We have a product that is very sensitive to network issues.
So much so that it logs an error whenever it goes 5 seconds without
communication. Just so happened that we started logging this error after we
moved that product to a HP DL360 G7 running on ESXi 5.5. We first went down the
development route to track down the issue because we were doing load testing on
that product at the time.
At some point, we noticed these errors even when the system
was not under load. We could see these perfectly timed latency spikes at the
same time as we had those errors. Then we shifted our focus to
system/infrastructure.
This is what our datastore latency looked like:
Then we discovered the strangest thing. We had this latency
even when no VMs were running. We configured a second system just like the
first to rule out the hardware. Sure enough, both systems had the problem.
I started juggling drivers. I was quick to load new drivers
and firmware so that felt like a good place to start. I slowly walked the
storage controller driver backwards until the issue went away. I settled on
this driver:
Type: Driver - Storage Controller
Version: 5.5.0.60-1(11 Jun 2014)
Operating System(s): VMware vSphere 5.5
File name: scsi-hpsa-5.5.0.60-1OEM.550.0.0.1331820.x86_64.vib (65 KB)

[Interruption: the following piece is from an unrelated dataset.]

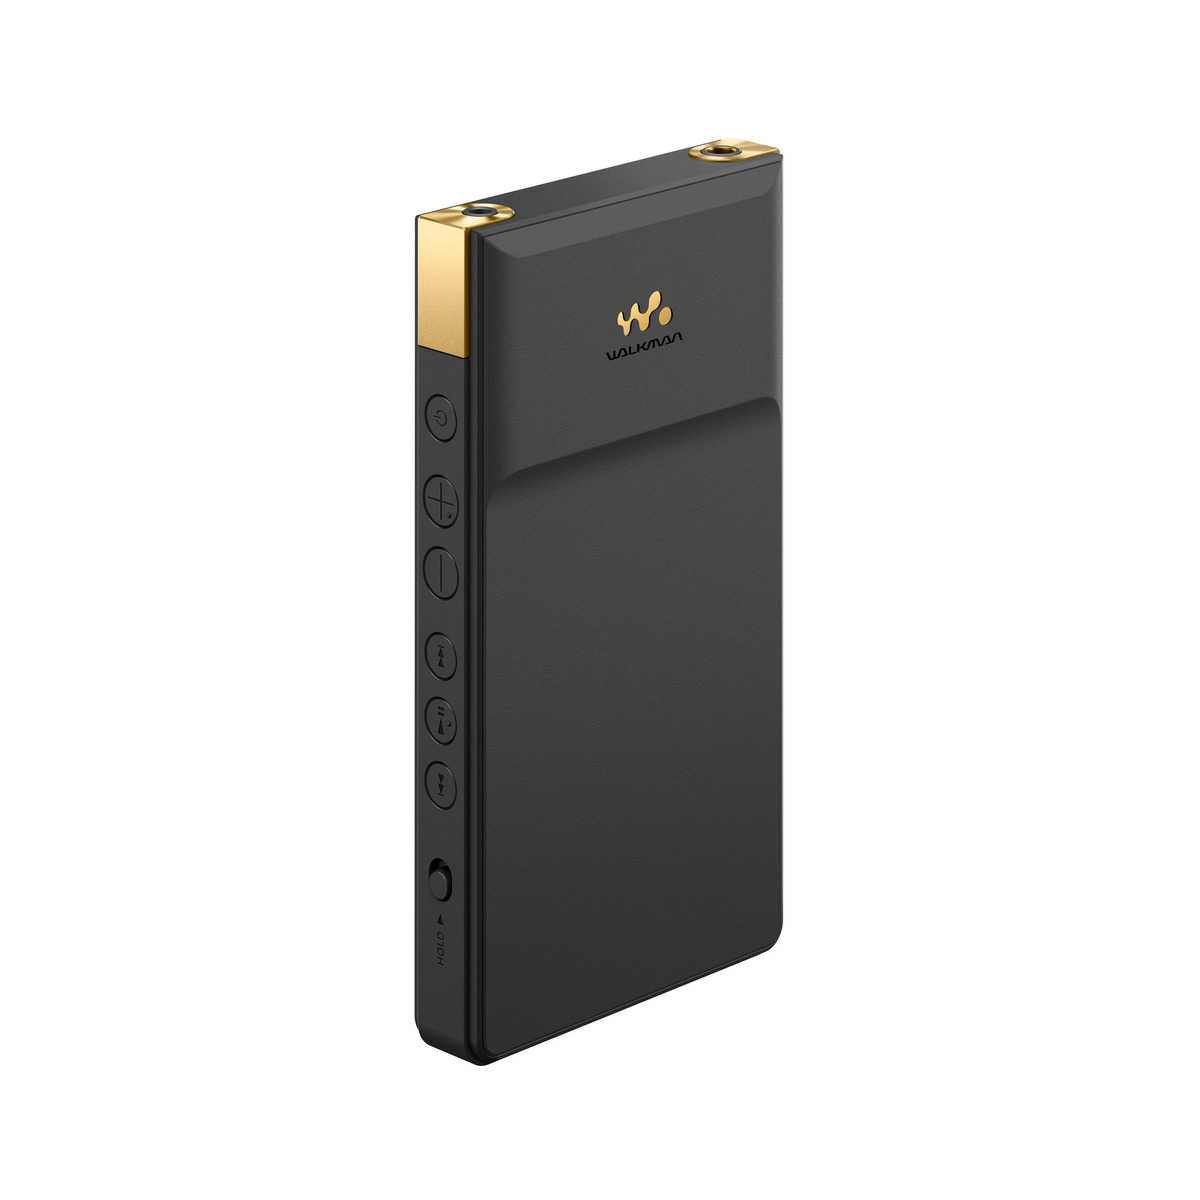 【限時下殺↘】SONY 索尼 NW-ZX707 Walkman 數位隨身聽 台灣公司貨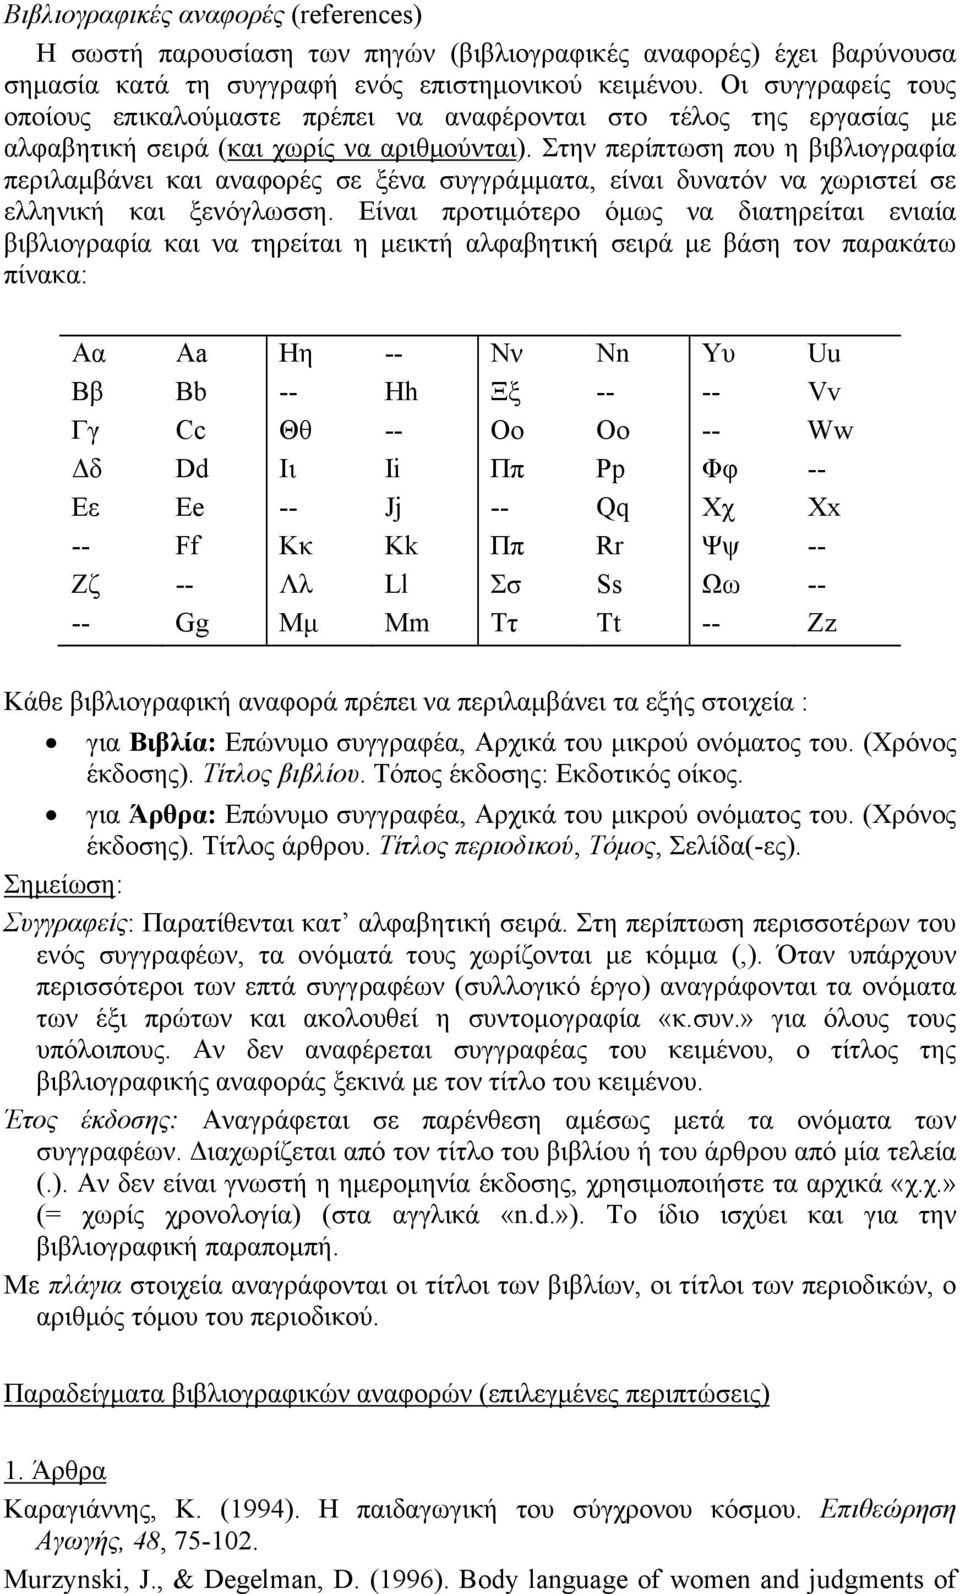 Στην περίπτωση που η βιβλιογραφία περιλαμβάνει και αναφορές σε ξένα συγγράμματα, είναι δυνατόν να χωριστεί σε ελληνική και ξενόγλωσση.

Version: 5.5.0.60-1(11 Jun 2014)
Operating System(s): VMware vSphere 5.5
File name: scsi-hpsa-5.5.0.60-1OEM.550.0.0.1331820.x86_64.vib (65 KB)
esxcli software
vib install -v file:/tmp/scsi-hpsa-5.5.0.60-1OEM.550.0.0.1331820.x86_64.vib --force
--no-sig-check --maintenance-mode
I didn’t like this as a solution because I had a new storage
controller firmware with a very old storage controller driver. I found another
DL360 G7 that was configured by someone else for another project and it was
running good. They didn’t update anything. Just loaded the ESXi DVD and ran
with it.
I came to the conclusion that it had a valid firmware/driver
combination. I like that setup better than what I had so that became the
recommended deployment. Don’t update the firmware and use the DVD so you don’t
have to mess with drivers.
Then our next deployment that used that configuration and
the issue resurfaced. After ruling out some other variables that could have
impacted the results, I ended up rolling the driver back to fix it.
After pinning the driver down, I went hunting for more
information on it. Searching for latency issue with storage gives you all kinds
of useless results. I was hopeful that searching for the driver would lead me
to some interesting discussions.
I ended up with an answer to my issue in that last link. But
there were a lot of other issues
In summary, HPSA driver later than v60 driving a HP Smart
Array p410 controller of any firmware vintage with a spare drive configured.
The spare drive configuration seems to cause an i/o back-feed into the driver
blowing it up at irregular intervals. This issue will not surface unless a
spare drive is configured on the array controller.
At the time of writing this, the v114 driver also does not
fix the issue.